_How to complete this task_. Output, exactly as written, the lines below from the one that has "7.5 million workless" through the one that has "Pastel-coloured buildings with"; nothing else, and no pictures.

_Excerpted data_.
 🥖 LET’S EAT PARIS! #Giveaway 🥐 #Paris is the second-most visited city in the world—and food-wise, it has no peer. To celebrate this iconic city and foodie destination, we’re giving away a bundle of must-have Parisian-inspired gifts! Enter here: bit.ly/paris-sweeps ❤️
==
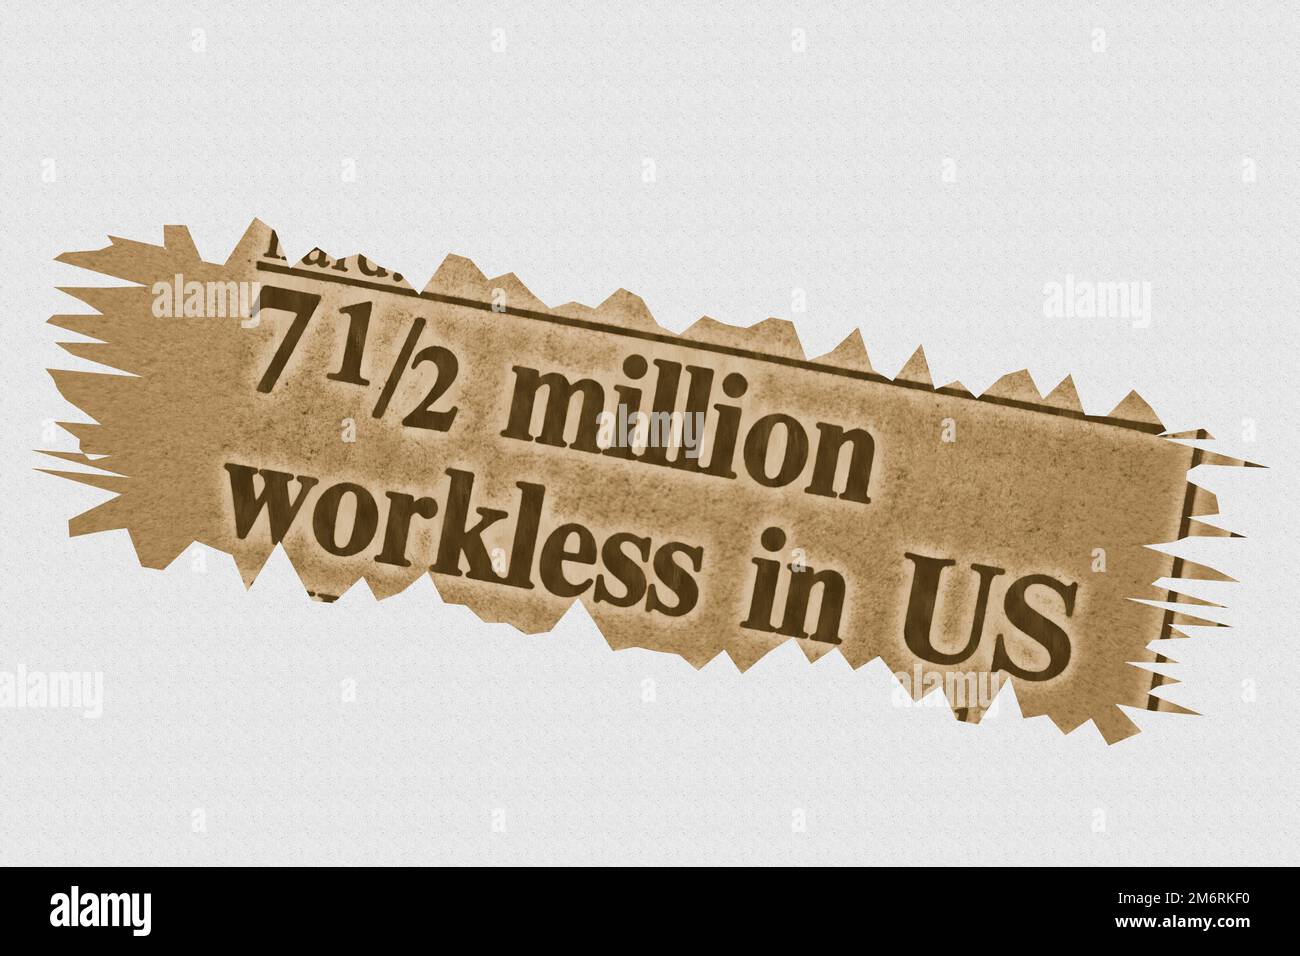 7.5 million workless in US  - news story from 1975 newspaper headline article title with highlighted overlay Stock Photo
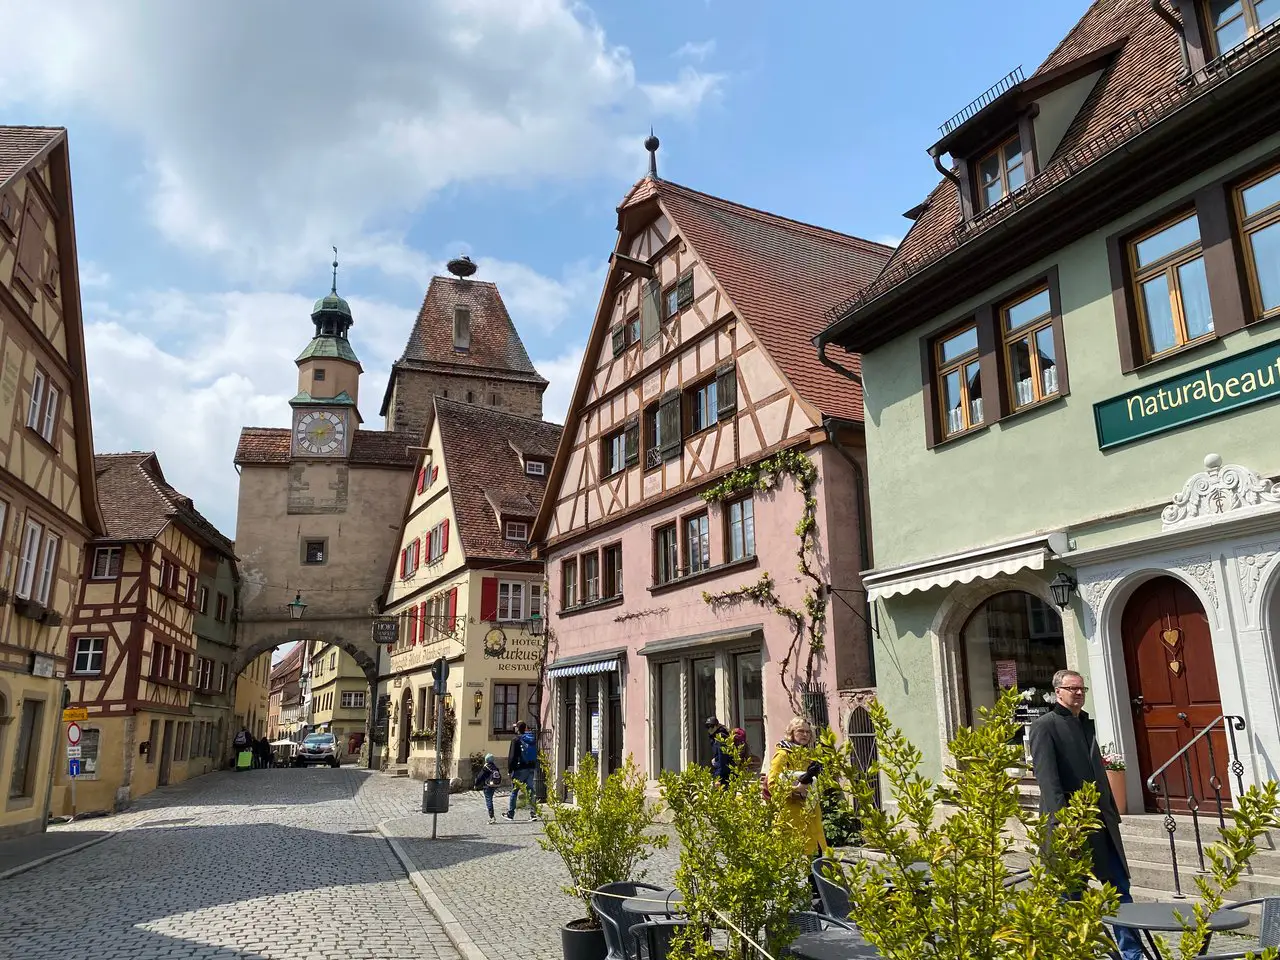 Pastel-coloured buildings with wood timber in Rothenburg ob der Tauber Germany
...
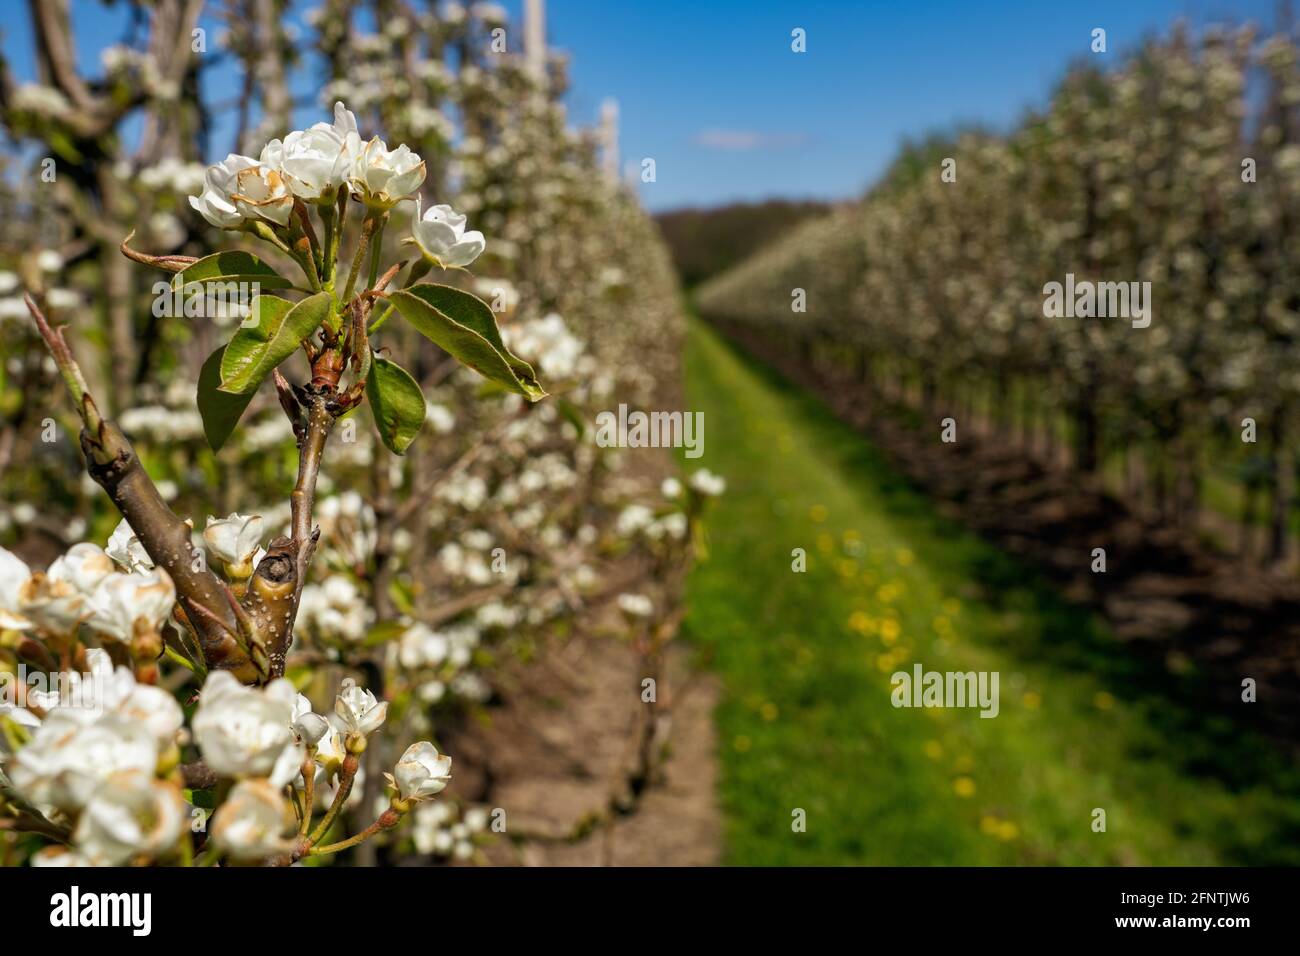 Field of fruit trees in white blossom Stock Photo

_The completed task_.
 7.5 million workless in US  - news story from 1975 newspaper headline article title with highlighted overlay Stock Photo
 Pastel-coloured buildings with wood timber in Rothenburg ob der Tauber Germany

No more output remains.